# EXERCISE:
Beneath this line are entries. Copy the range from the line with "Rotman Women in Management Association" to the line with "Anne flat folding sofa", ends included, exactly; leave pictures out.

# PROVIDED RECORDS:
Start of Block

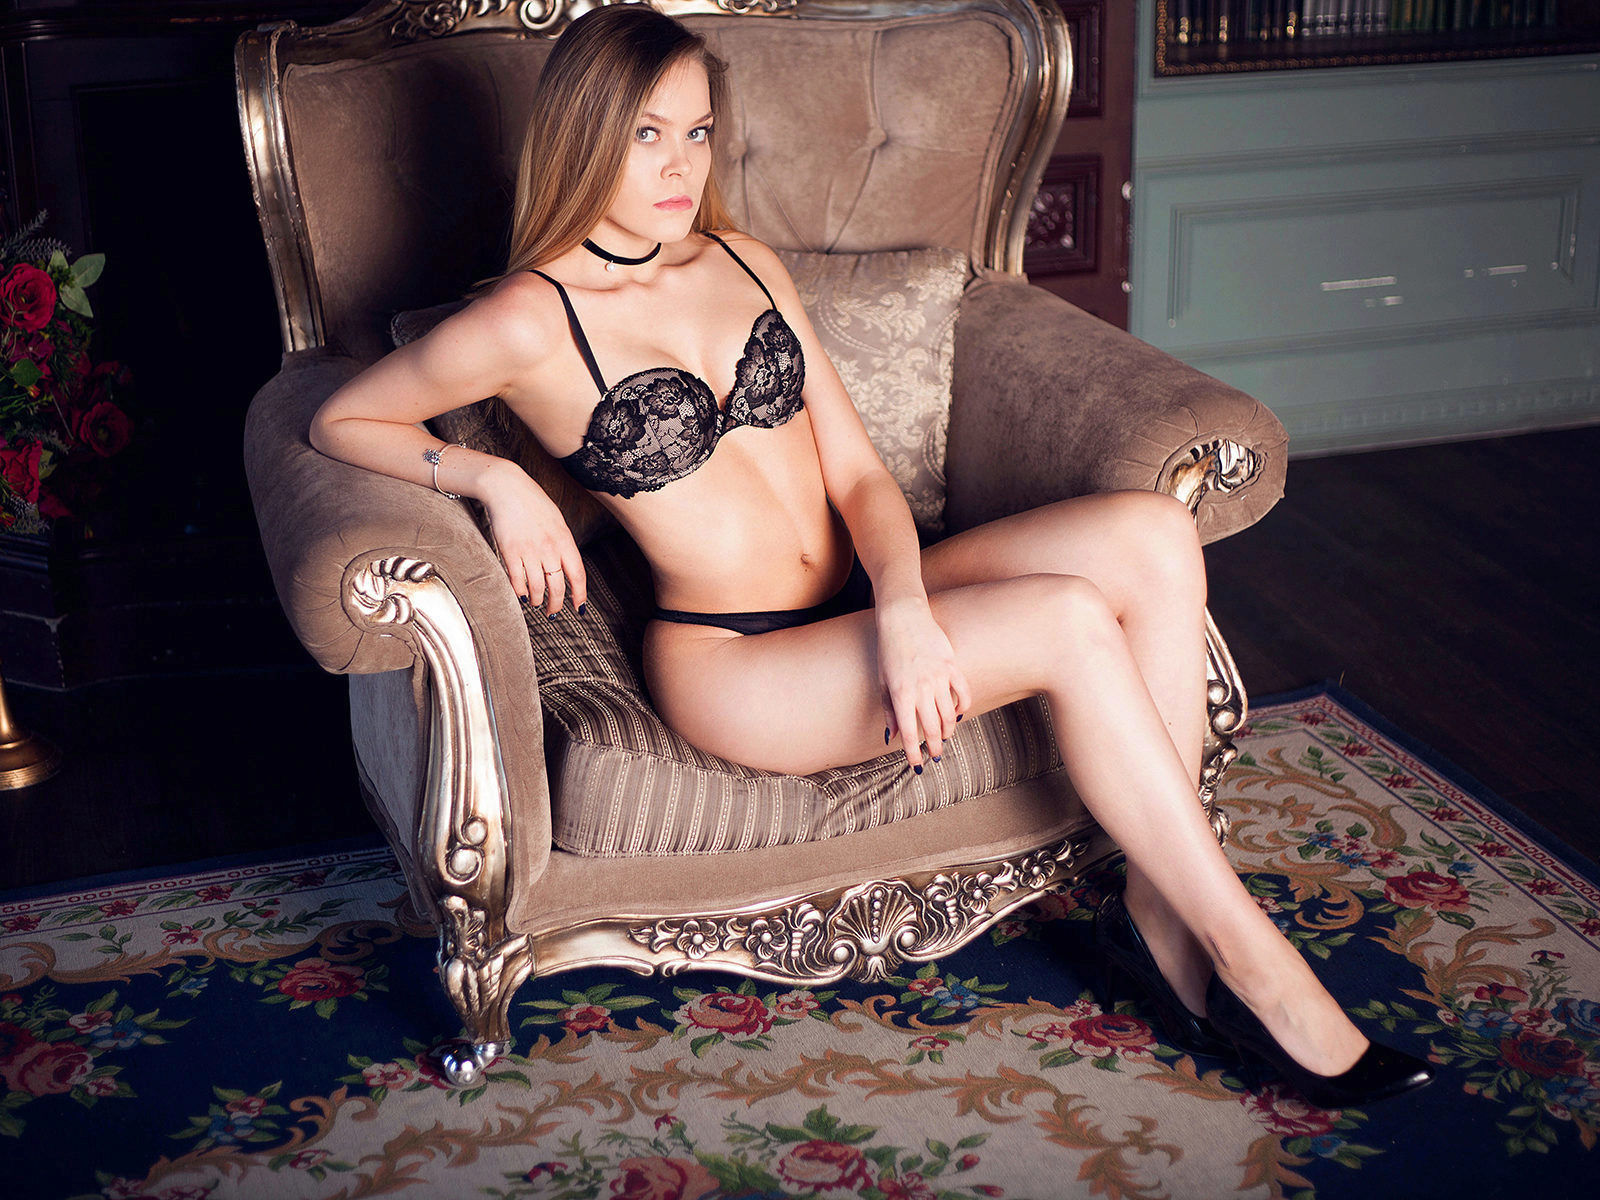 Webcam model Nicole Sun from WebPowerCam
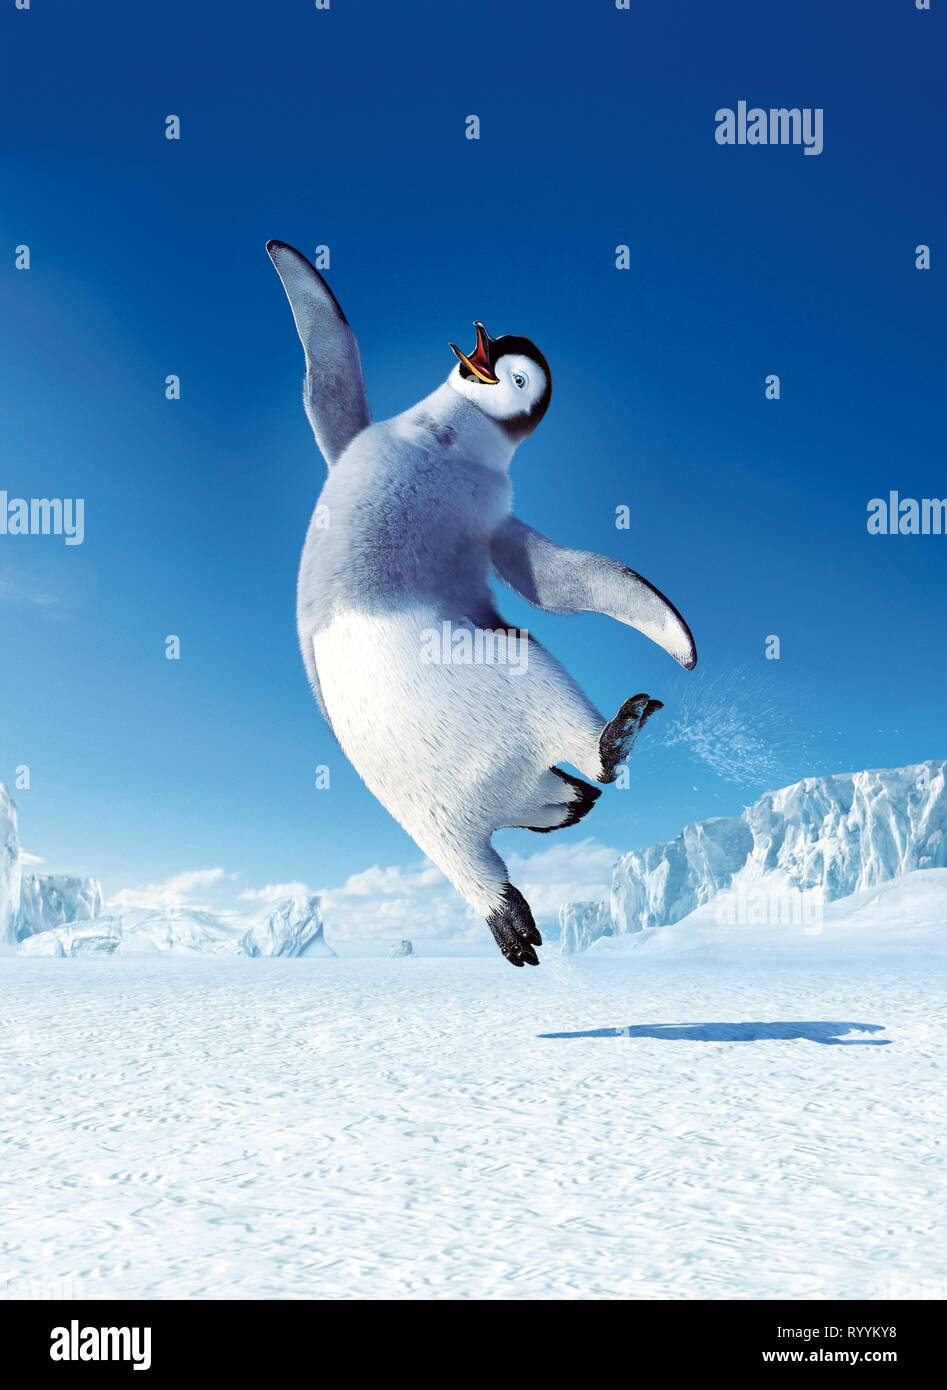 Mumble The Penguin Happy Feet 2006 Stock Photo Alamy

End of Block
Start of Block

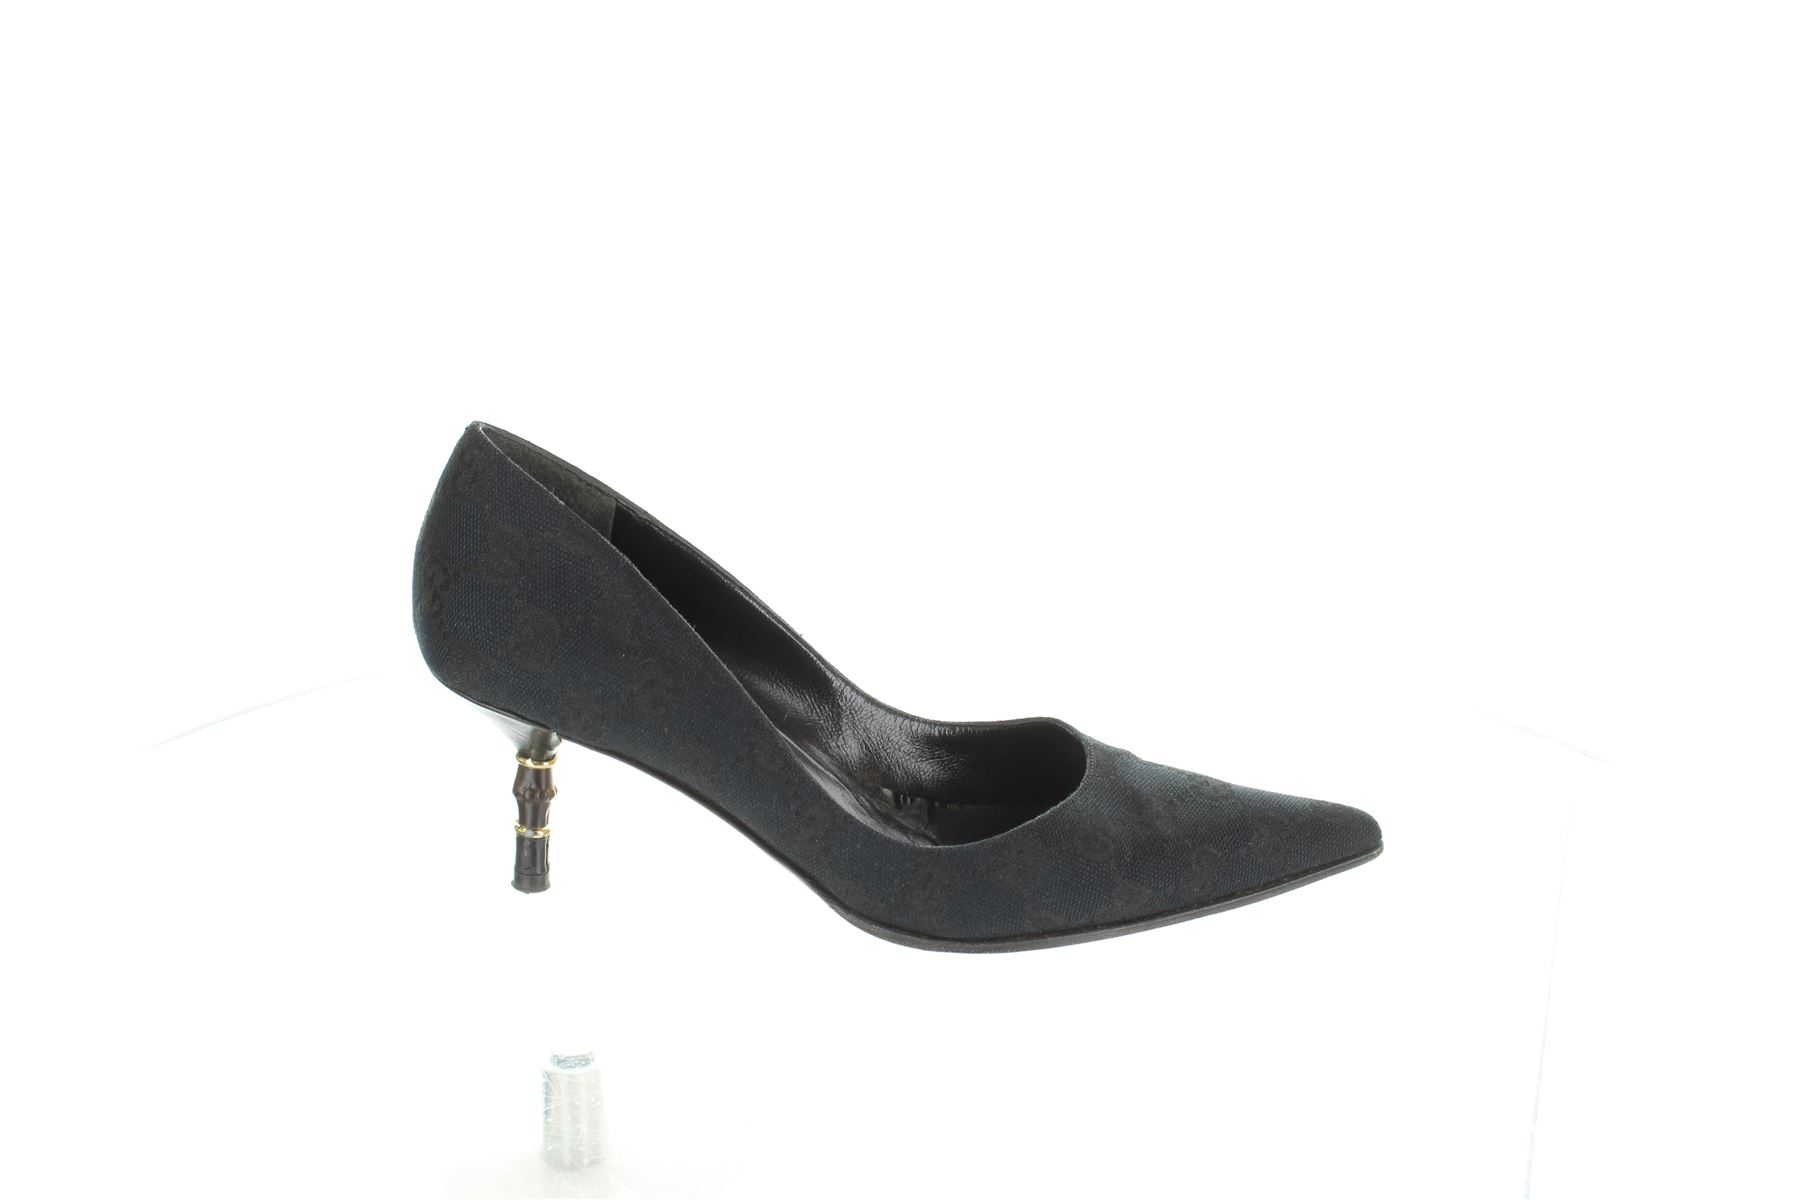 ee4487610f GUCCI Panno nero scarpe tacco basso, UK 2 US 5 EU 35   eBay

End of Block
Start of Block

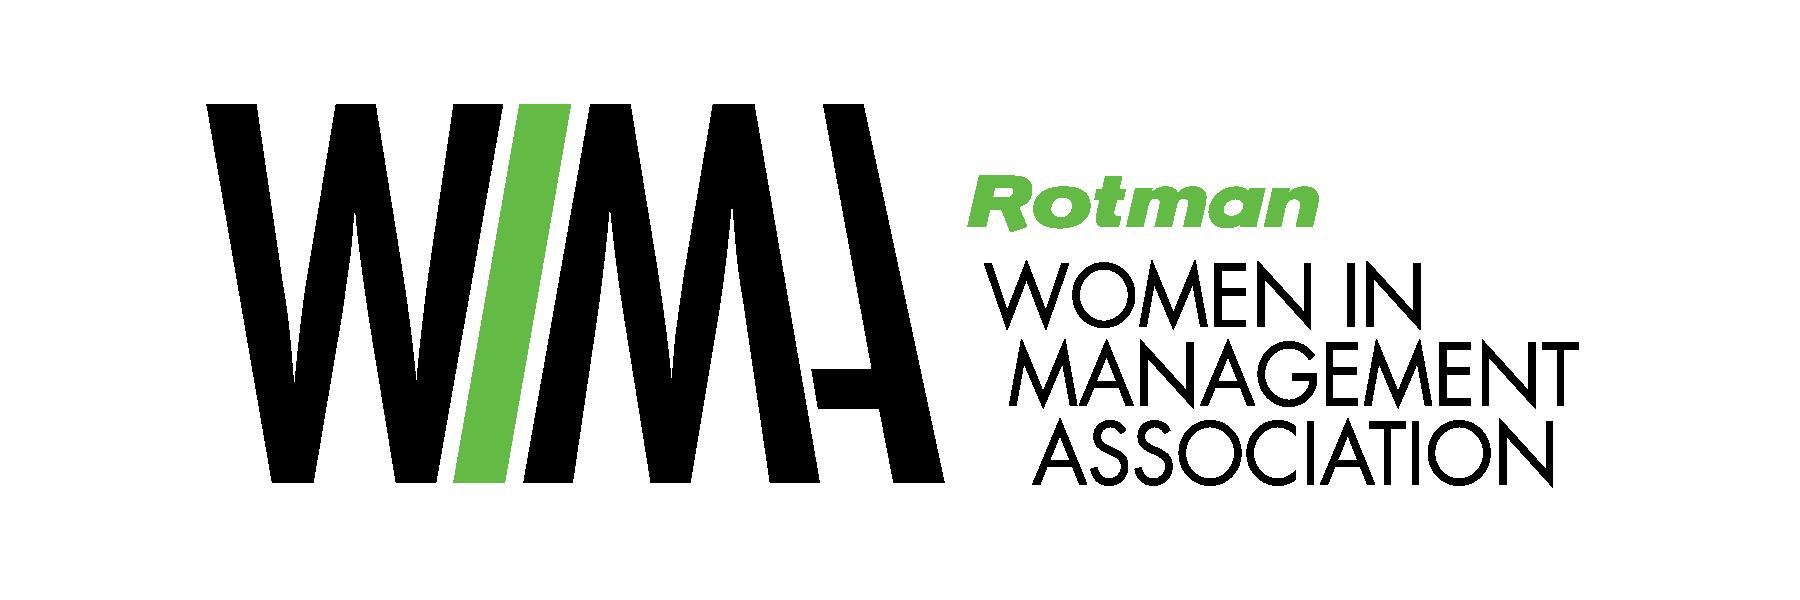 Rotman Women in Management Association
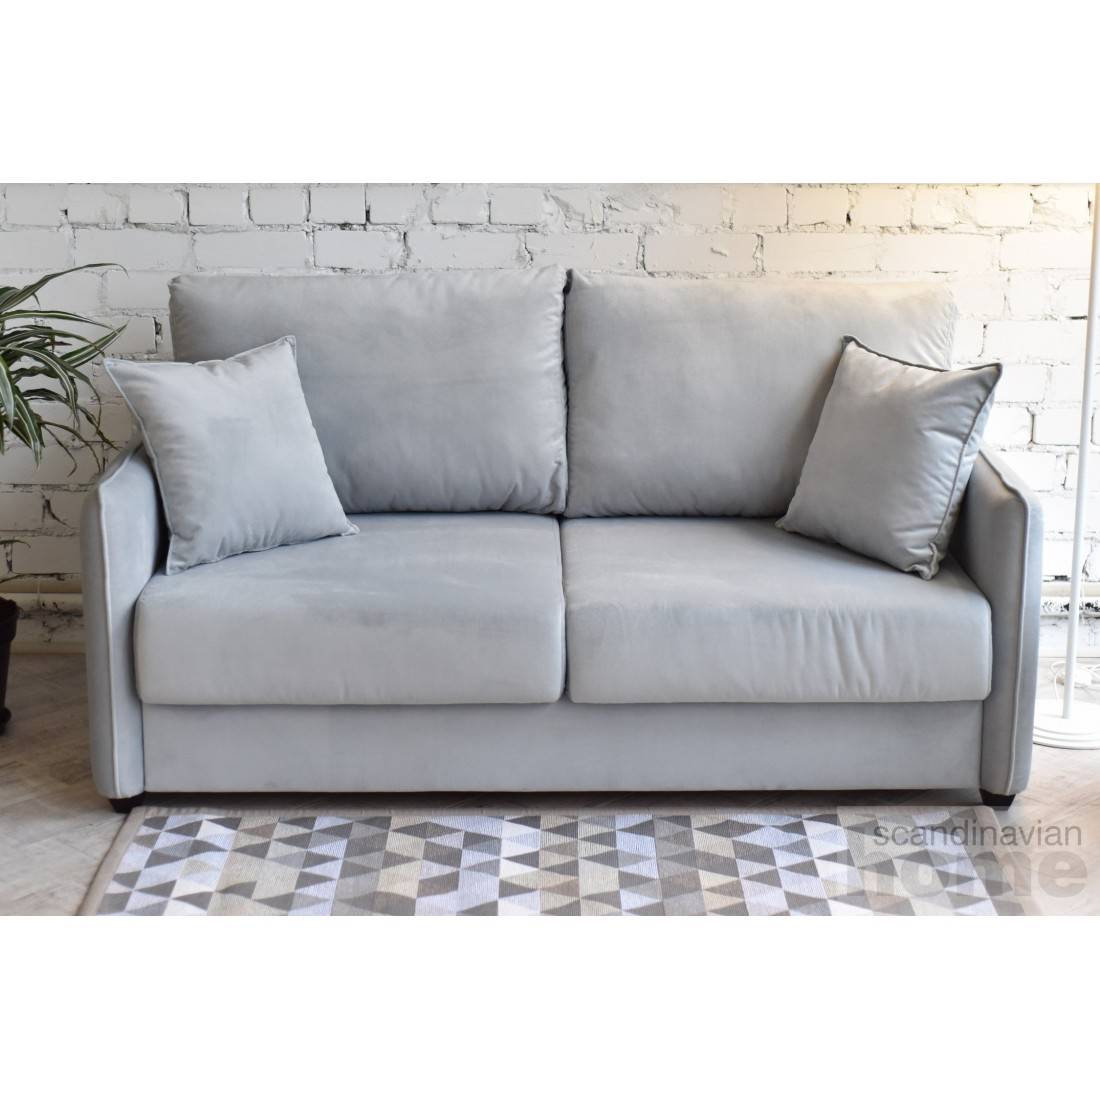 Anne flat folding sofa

End of Block

# EXPECTED OUTPUT:
 Rotman Women in Management Association
 Anne flat folding sofa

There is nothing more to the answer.